コーヒーノキ(コーヒーの木)の肥料の与え方。正しい方法と注意点は?

コーヒーは大きなブームとなっていますが、手軽な観葉植物としても人気です。室内で育てるのには最適で、適切に管理すれば花と実を楽しむことも十分期待できます。ここではコーヒーノキ(コーヒーの木)を元気に育てるための肥料について、与え方やタイミング、基礎的な知識まですべて解説します。

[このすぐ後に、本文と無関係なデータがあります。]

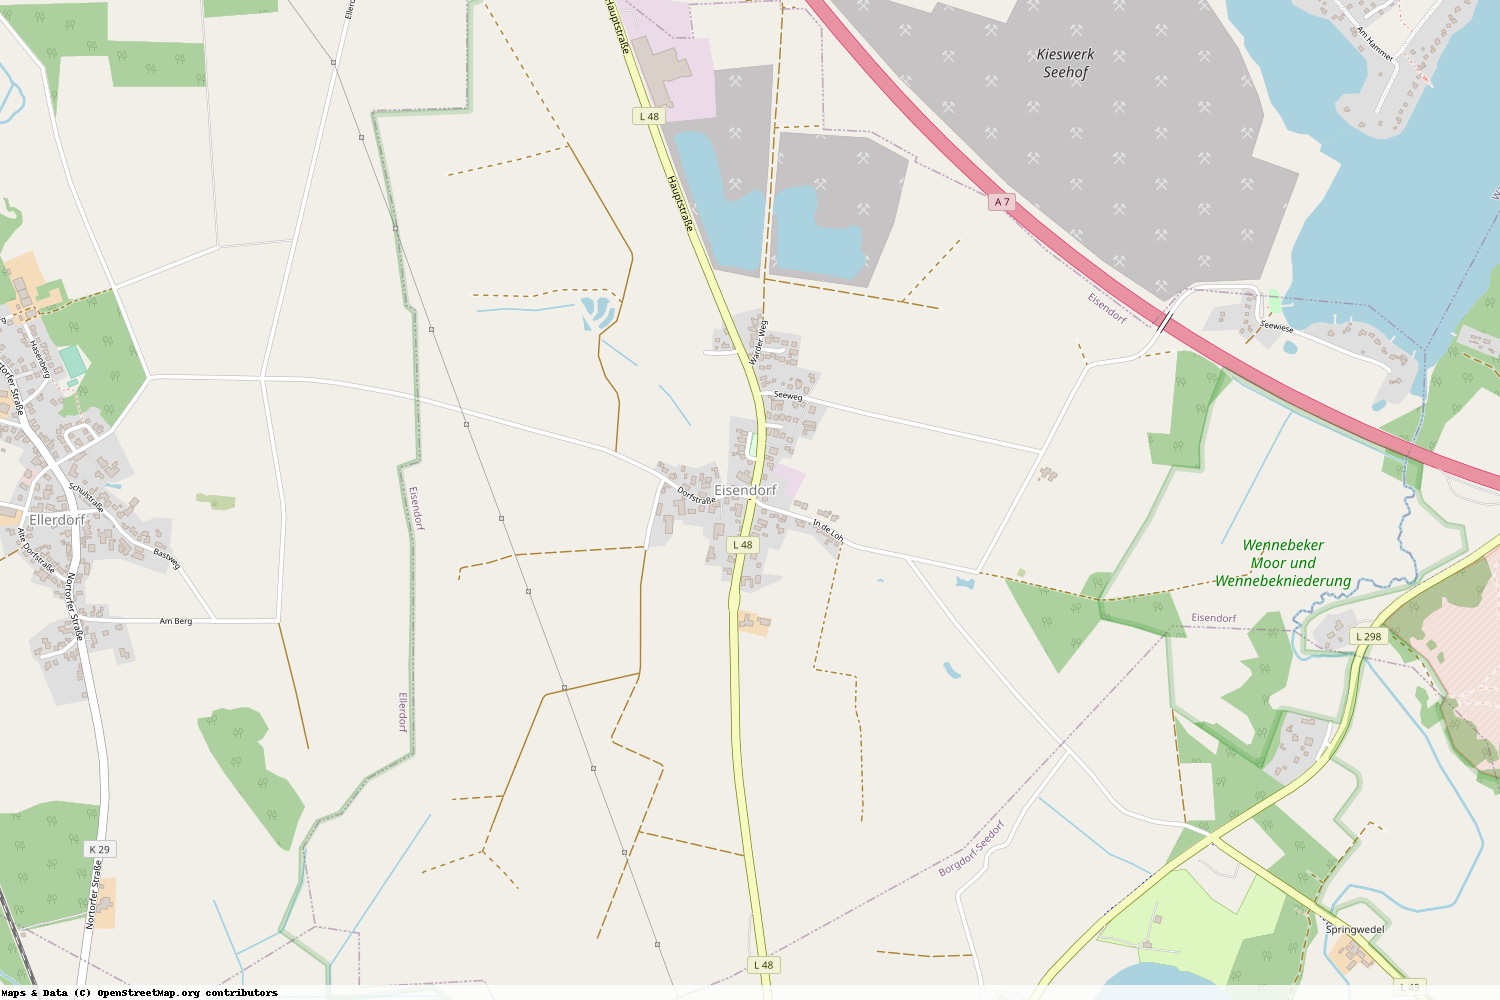 Ist gerade Stromausfall in Schleswig-Holstein - Rendsburg-Eckernförde - Eisendorf?

1.コーヒーノキ(コーヒーの木)を育てる前に知っておきたいこと

植物を鉢植えで元気に育てて楽しむには、肥料を与えることが大切です。ただし肥料の与え方次第では、かえって逆効果になることもあります。肥料について正しく知ることが、植物を育てるうえで欠かせません。肥料について知る前に、まずコーヒーノキの基本情報を知っておきましょう。

コーヒーノキの基本データ
学名:Coffea 
科名:アカネ科
属名:コーヒーノキ属
原産地: エチオピア
和名:コーヒーノキ
英名:Coffee
生育適温:15〜25℃

艶のある緑の葉が美しい常緑低木で、樹形が自然に整います。園芸店だけでなく雑貨店や100円ショップまで広く販売され、株は簡単に入手できます。耐陰性があるため、室内で楽しむ観葉植物としてよく育てられます。本来は日光を好みますが、暑い夏の強光線に当たると葉が傷んで茶色く枯れます。寒さには弱いですが、中サイズ以上の株なら室内で容易に越冬します。家庭でも適切に管理すればコーヒーの実をならせて収穫できるので、自家製コーヒー作って味わうのも十分可能です。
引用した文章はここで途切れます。